The easy to discover trail head to Cerro Llao Llao — The clear trail indicating many a hiker have left their footprints

Despite being a popular hiking trail, it was eerily devoid of people. For the most part of the hour, I was the only person hiking either way. I was rather pleased, for there is a certain narcissistic joy in being solivagant, in a world obsessed with being forever connected. It is only when your cellphone network disappears, when you cease to crave a human connection, when you do not want to fill every waking second with chatter and small talk, does one really find time for oneself — time which we owned when we were born, which today is bargained in the marketplace of relationships, at the expense of the most intimate relationship we must seek — with ourselves. So no wonder they say — travel far enough and you will find yourself.

As I was reflecting on this realization, I could hear the elemental sound of wind in the primeval wood — the wind bringing with it tales from yonder and the trees moaning in approval.

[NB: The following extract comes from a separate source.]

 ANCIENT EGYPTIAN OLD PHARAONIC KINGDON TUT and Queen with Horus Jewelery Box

These decades old trees have seen it all — the changing seasons, the folly of man, the ebb and flow of nature and the ephemeral presence of the traveler. And yet each time the wind blows, the trees creak — as if raising their arms and straining their ears to listen to the tales of lands unknown. This camaraderie, this banter between the elements is punctuated by a ruffle in the leaves making you jump out of your reverie — for within a moment — your mind races through the most primal emotion known to man: Fear.

There is a French saying “L’heure entre chien et loup” and it refers to the moments after sunset when the sky darkens and vision becomes unclear, making it difficult to distinguish between dogs and wolves, friends and foe. The hour in which — and it’s a space rather than a time — every being becomes his own shadow, and thus something other than himself. The hour of metamorphoses, when people half hope, half fear that a dog will become a wolf. The hour that comes down to us from at least as far back as the early Middle Ages, when country people believed that transformation might happen at any moment.

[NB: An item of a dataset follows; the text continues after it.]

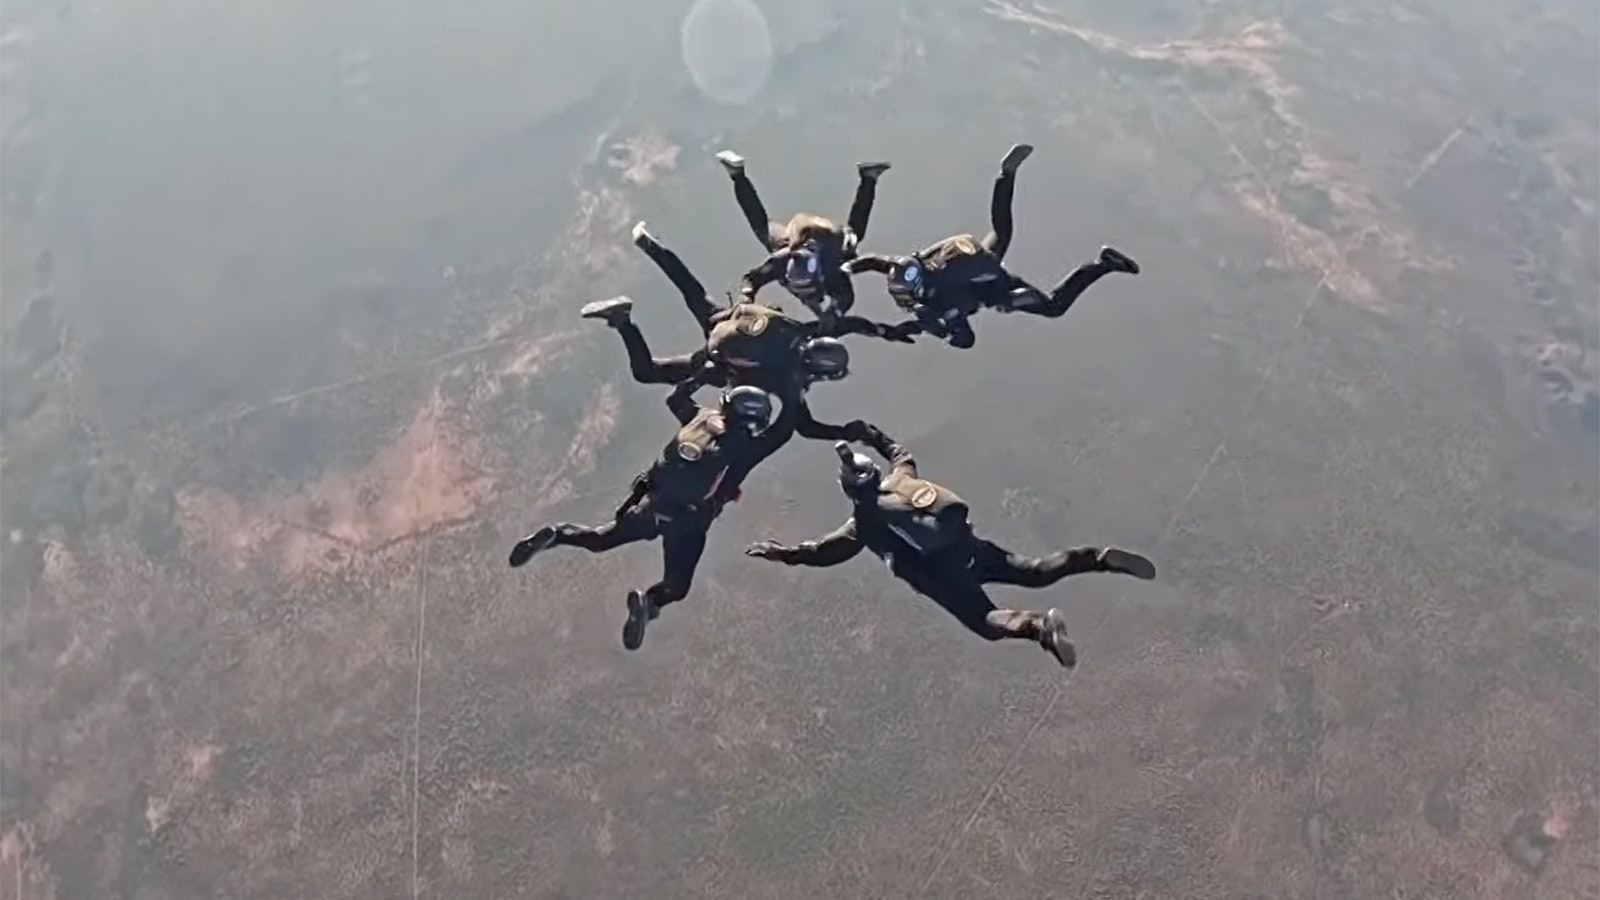 Part of the world record was skydiving in formation.

As you walk alone, the ruffling of leaves in a forest is akin to the hour between the dog and the wolf: the space where the redolent joy of discovery and a foreboding narrative of fear coexist. It’s the tango of danger, characterized by equal parts of sin and seduction, teetering on the unknown, carrying that unnerving feeling of being an insignificant player in the grand dance of nature — you could very well be someone’s meal or you could encounter the millions of everyday marvels — A bird hopping to find seeds on the forest floor, a squirrel hiding nuts in grass, dead branches falling off trees and little reptiles scurrying around. And each time that happens, your fear will return, keeping you on your toes and bringing alive your instincts, which evolution bestowed upon you but are now dumbed and numbed by urban civilization. It is this see-saw of anticipation that makes a forest walk engage the five senses, and enraptures the most inaccessible of them: our minds.

As I walked the woods, the proverbial two paths diverged, and I had to make a choice.

But then whatever Robert Frost may say, I decided that I need to take both paths and it actually made all the difference.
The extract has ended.